All this as the Chavista leadership choreographs Maduro’s succession, dipping into a treasury fortified by revenues from the world’s largest oil reserves and wielding a state media machine that takes control of all airwaves at will.
“It is classic consolidation of power in a crisis,” said Adam Isacson, security analyst at the Washington Office on Latin America. “There was always an effort to at least put a patina of legality on what was being done. There was always a process. There’s not much of a process now.”
“There is a blurring of constitutional mandates right now,” said Miguel Tinker Salas, a Latin American studies professor at Pomona College in California. “Maduro does not have the charisma, and the connection that Hugo Chavez had historically with the population.”
In February, authorities briefly detained the pilots of a loaned private plane that had brought Capriles back from a family visit to New York, with officials searching the plane up and down, people close to the candidate said on condition of anonymity due to the matter’s sensitivity.

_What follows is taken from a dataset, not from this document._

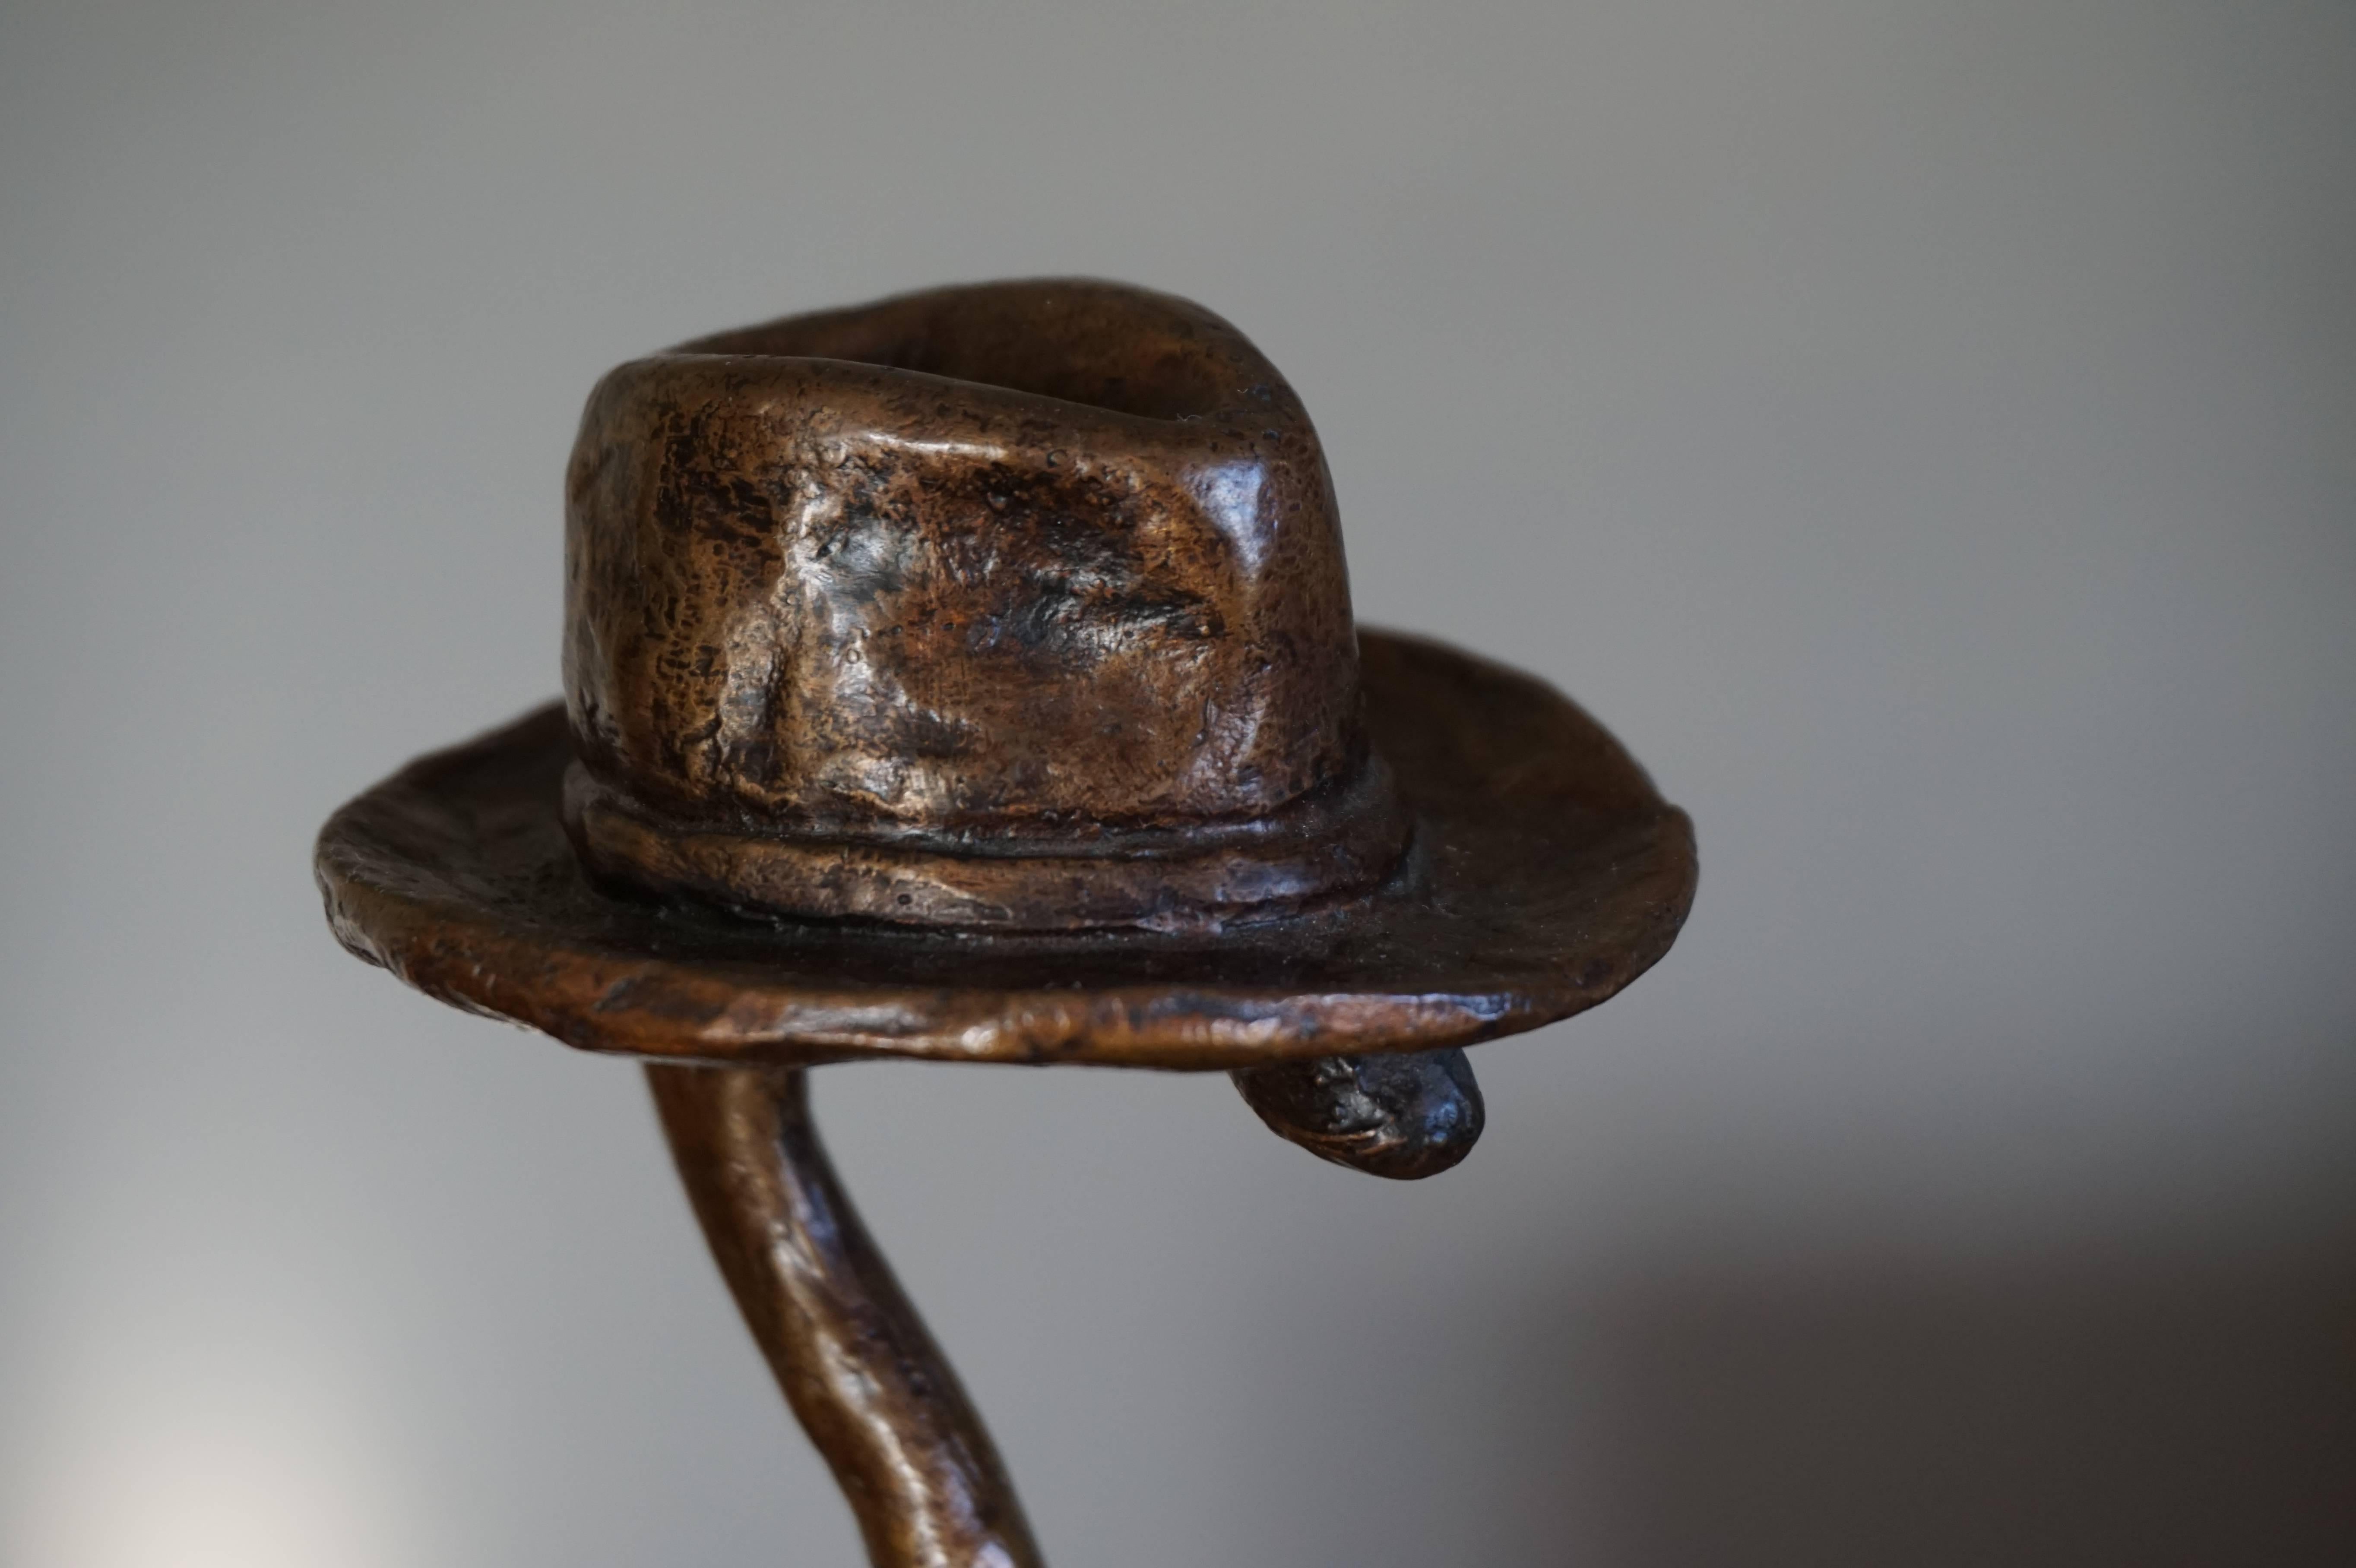 Dutch Unique Bronze Fashion Sculpture of Walking Cane in a Hat with Colar & Tie

And no sooner had Capriles announced his candidacy Sunday than Maduro was on the air, accusing him of seeking to provoke violence and suggesting he could face criminal charges for insulting Chavez’s family.
Although Venezuela’s high inflation, food shortages and rampant crime provide ample ammunition for criticizing the leadership, a hard political reality is that the opposition can’t match the enormous resources the government wields to win over voters, including a flurry of state TV channels that deluge the public with hours of fawning video of Maduro handing out free government housing and praying for the late leader.
Capriles’ campaign, meanwhile, is nearly destitute, carrying nearly $1 million in debt from the last campaign, said his campaign finance director, Rafael Guzman.
Although Venezuelan law allows businesses and individuals to freely make political contributions of any amount, the Chavista government persecutes people who donate to opposition candidates as if they were breaking the law, Guzman said.
“Here in Venezuela, it is basically a crime to do opposition politics,” he said.
If big companies contribute, tax authorities immediately jump on them and begin auditing for accounting irregularities, he said. “So we don’t even go to big companies,” he said.